Task item. Take the entries below and reproduce exactly the portion that begins at the line containing "Poison Idea Latest" and ends at the line containing "Port Colborne Votes logo", keeping both ends, dropping pictures, and adding nothing else.

Exercise materials.
▼
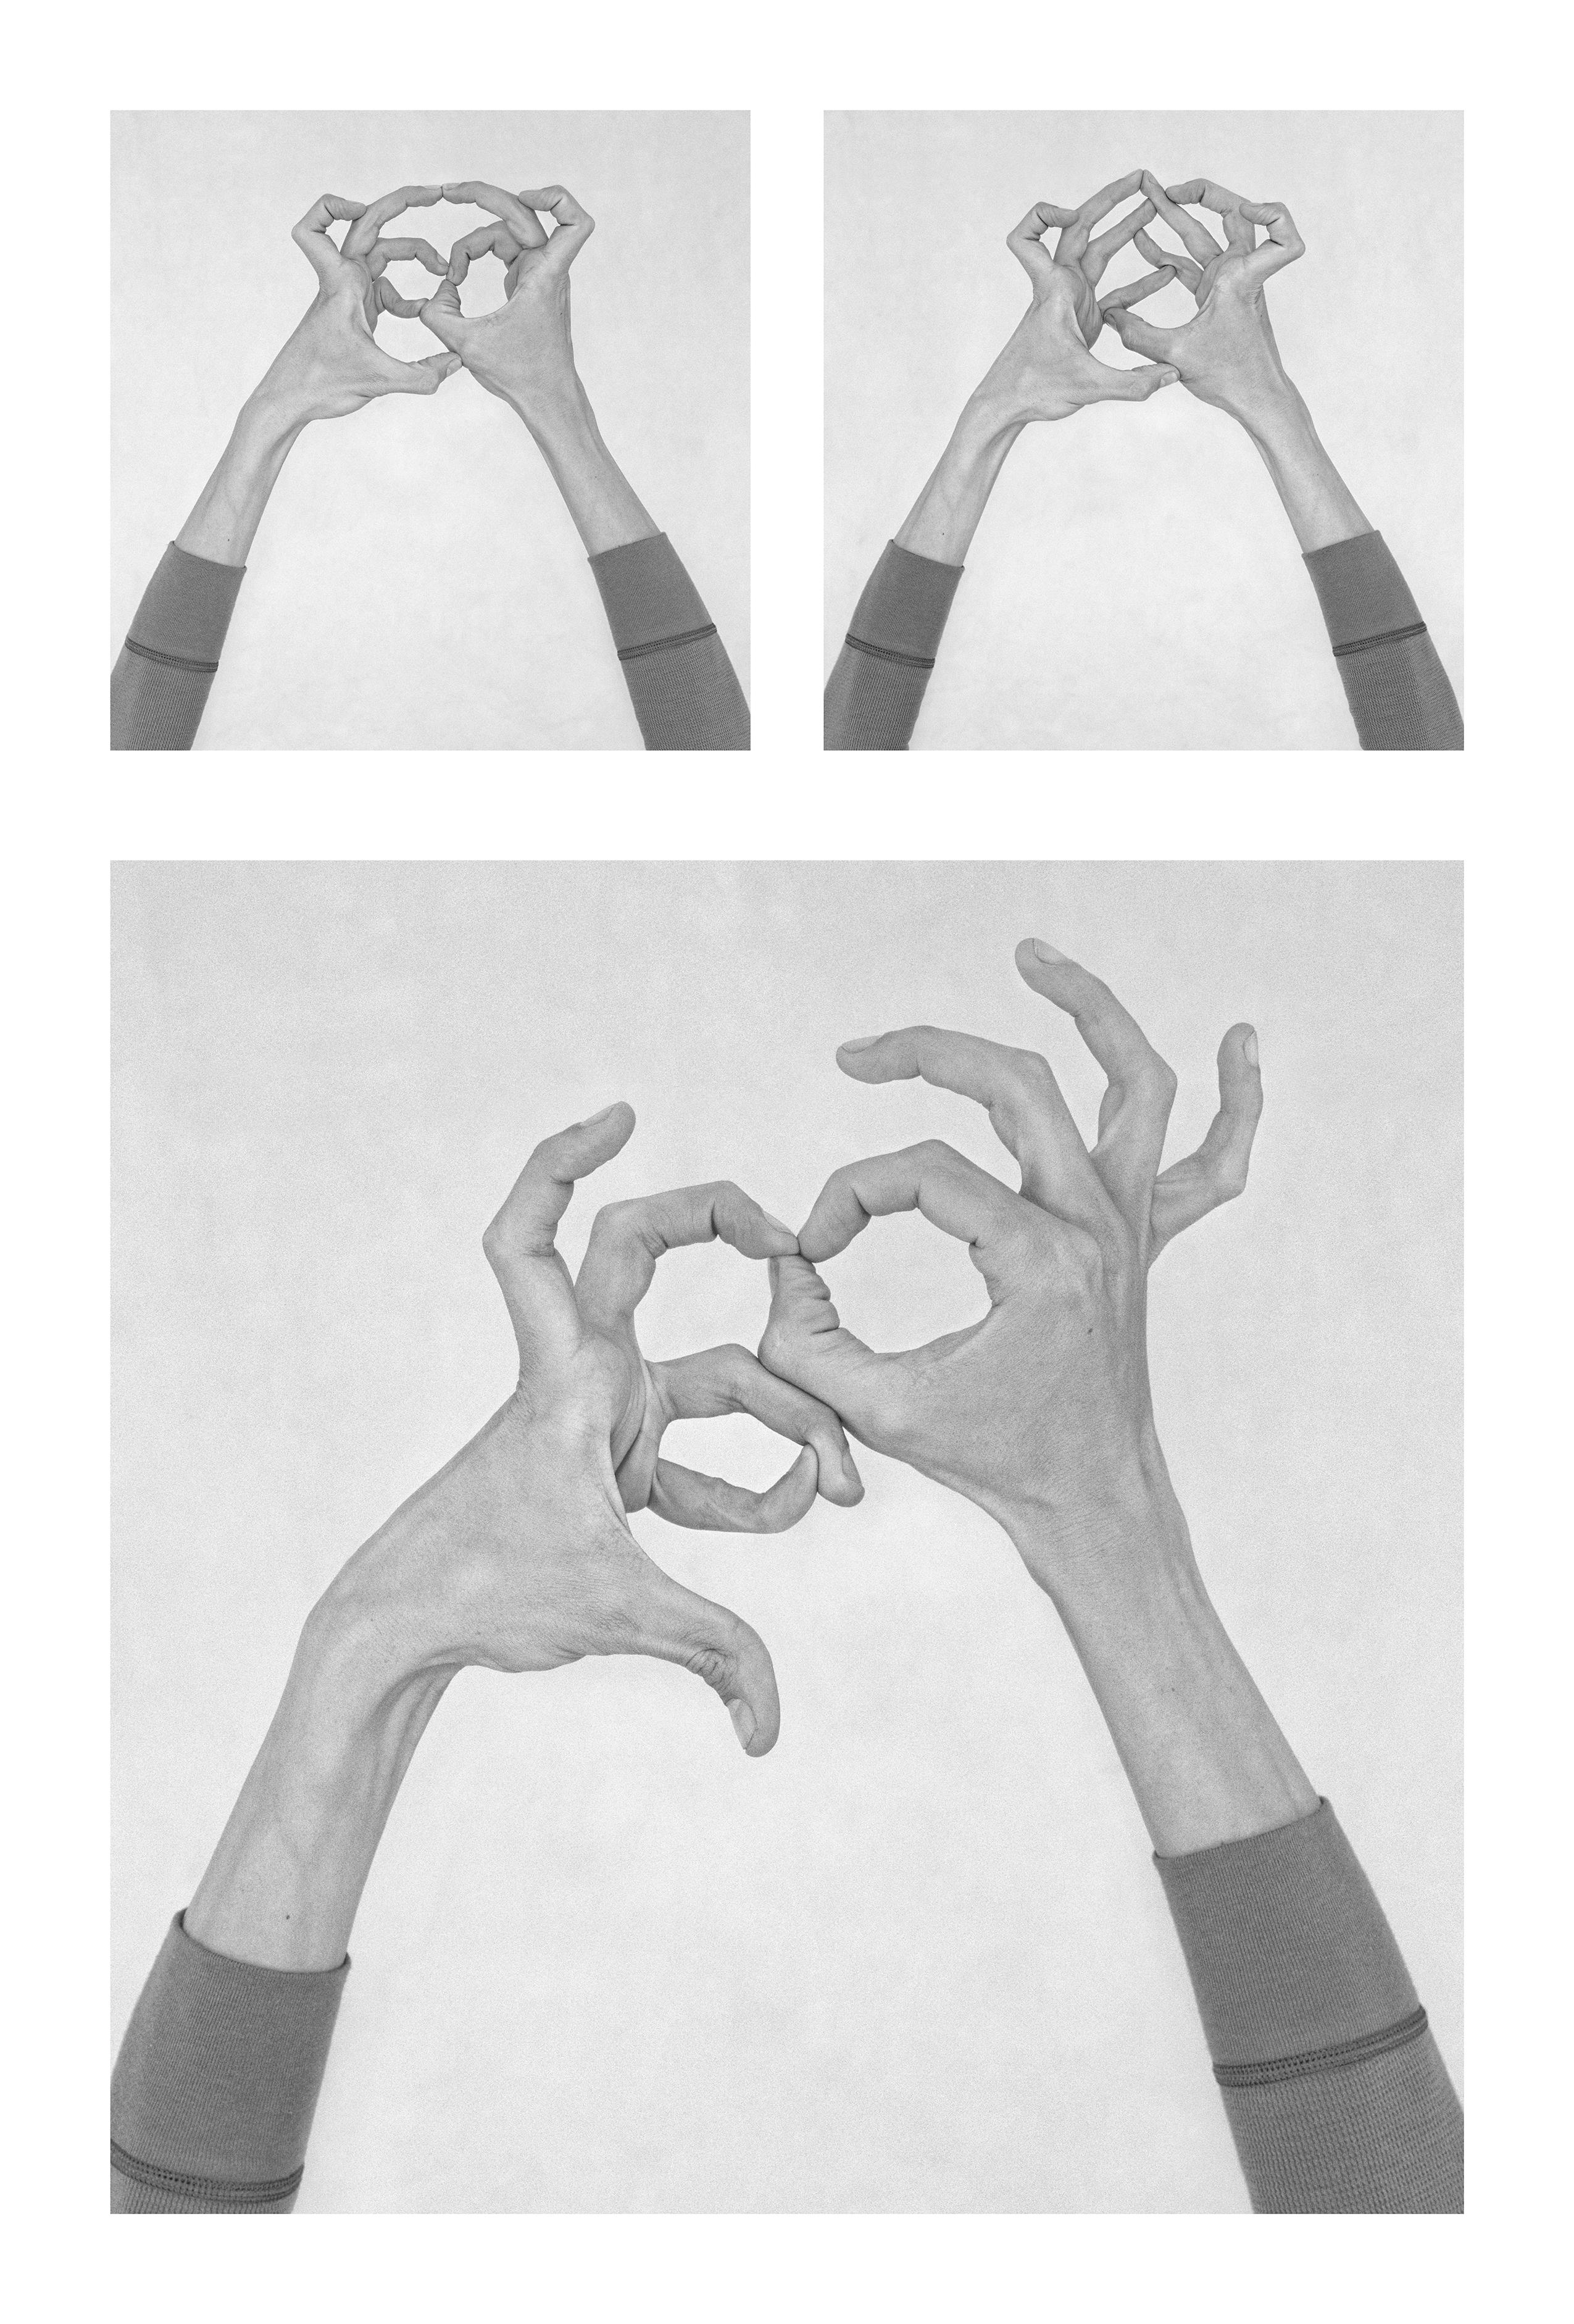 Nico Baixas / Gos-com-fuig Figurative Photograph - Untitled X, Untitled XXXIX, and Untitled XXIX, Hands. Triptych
▲
▼
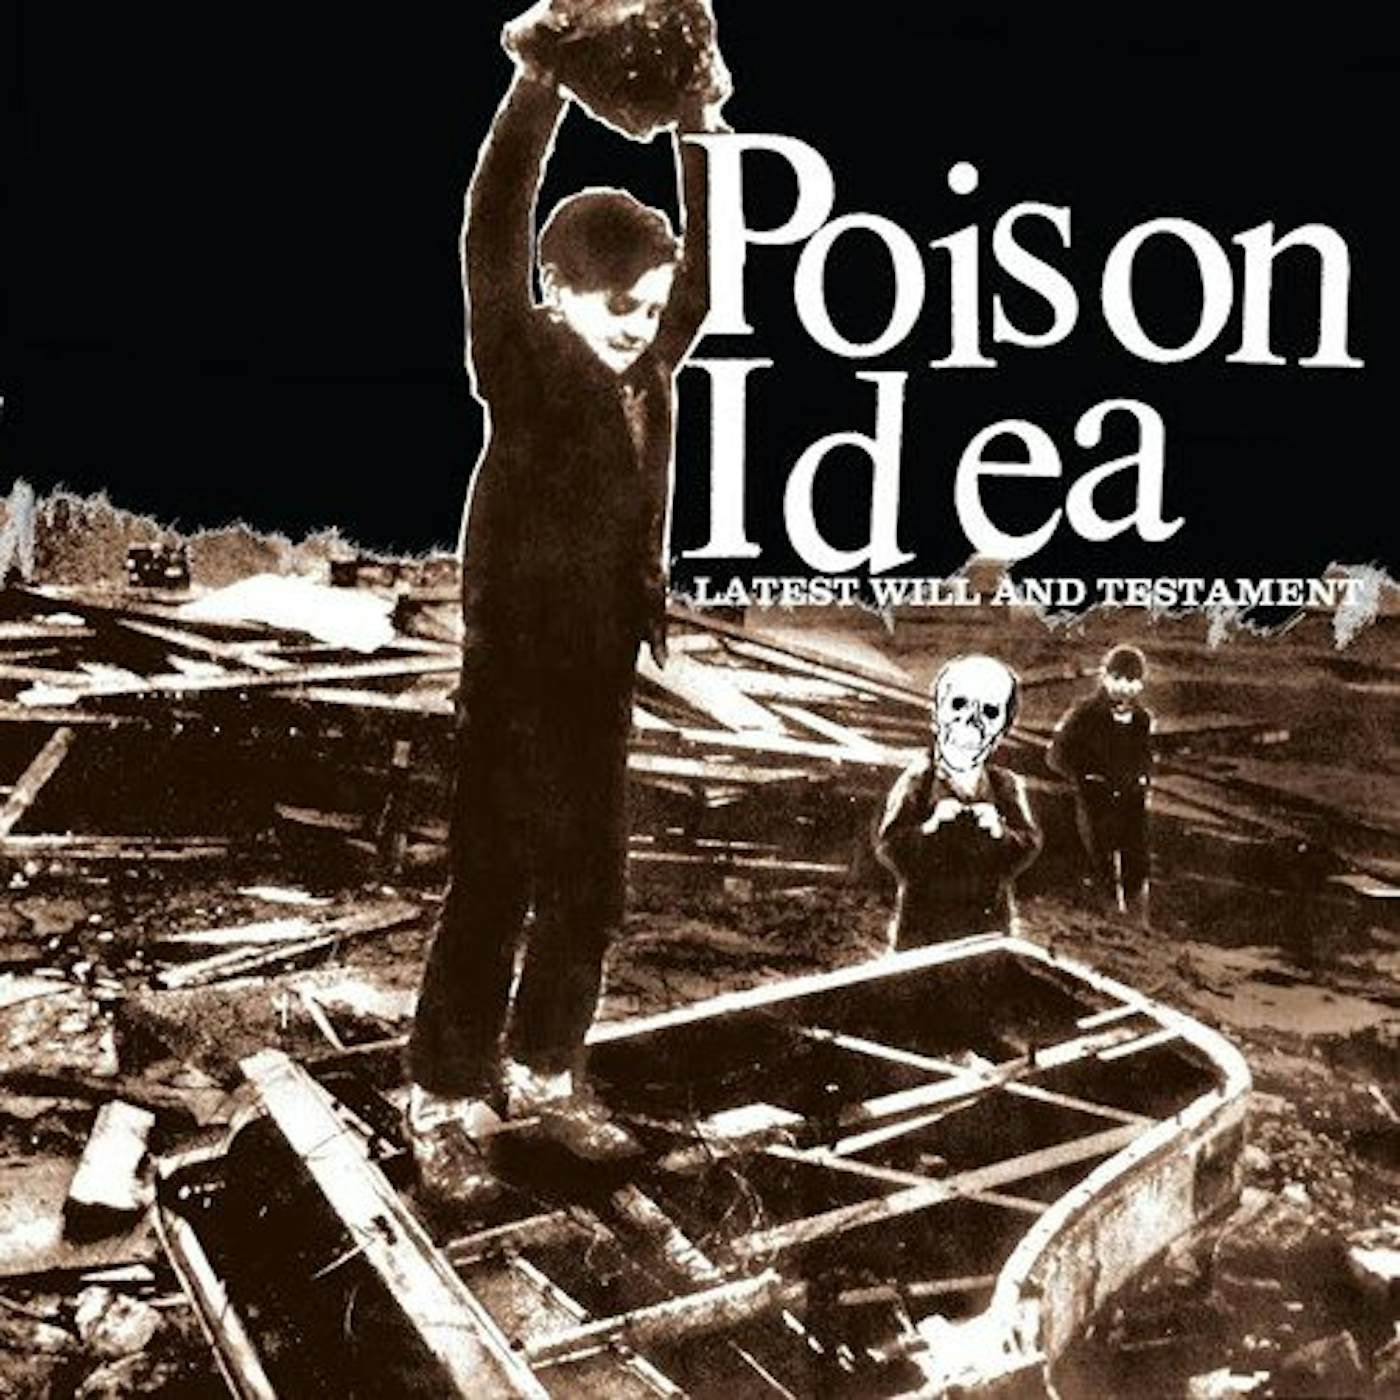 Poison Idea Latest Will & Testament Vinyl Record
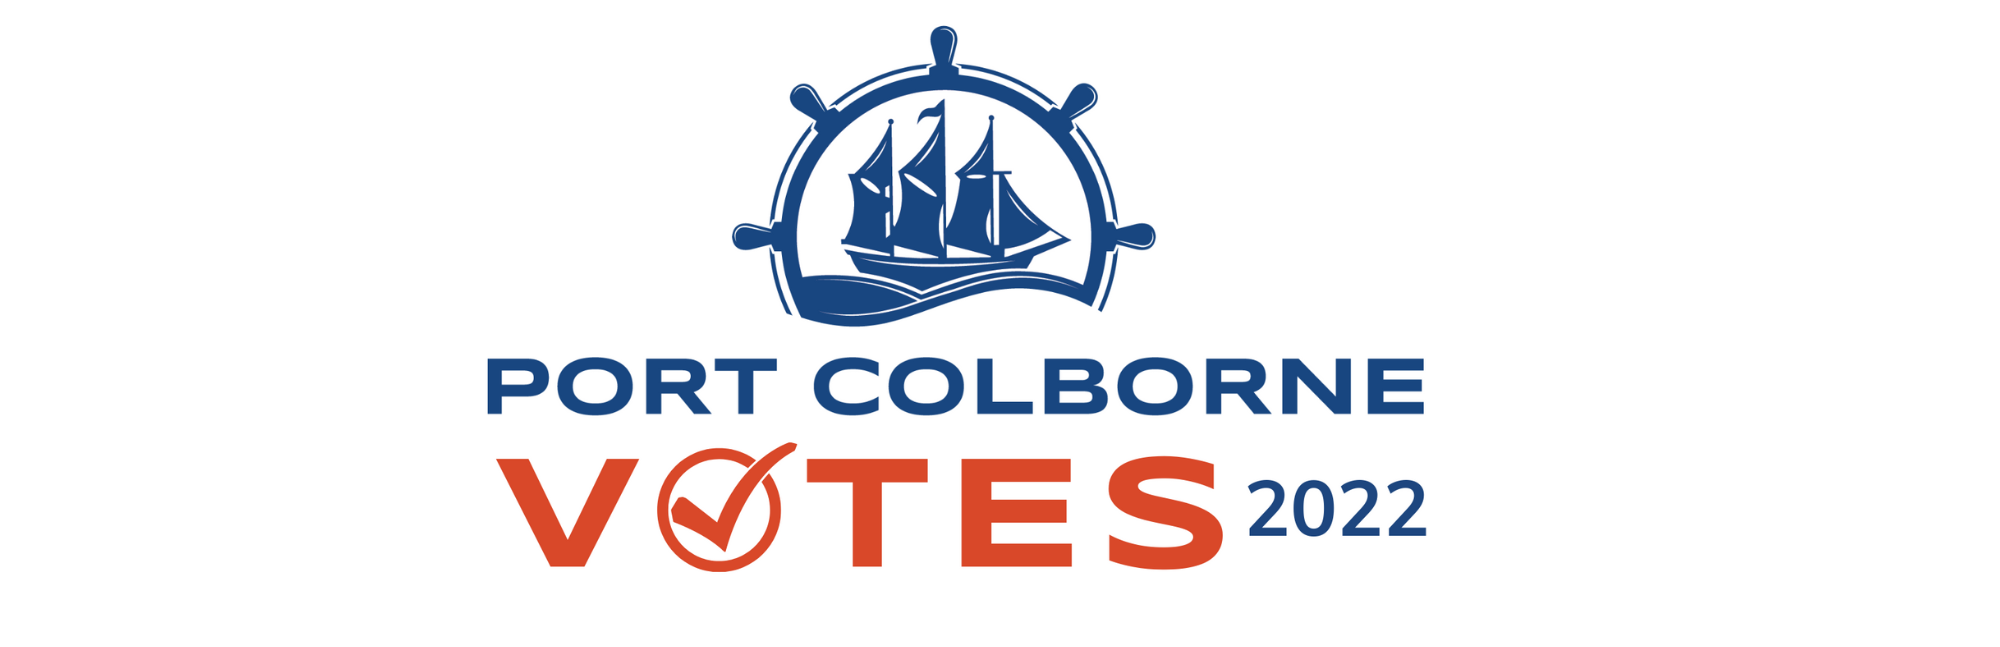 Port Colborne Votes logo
▲
Answer box.
 Poison Idea Latest Will & Testament Vinyl Record
 Port Colborne Votes logo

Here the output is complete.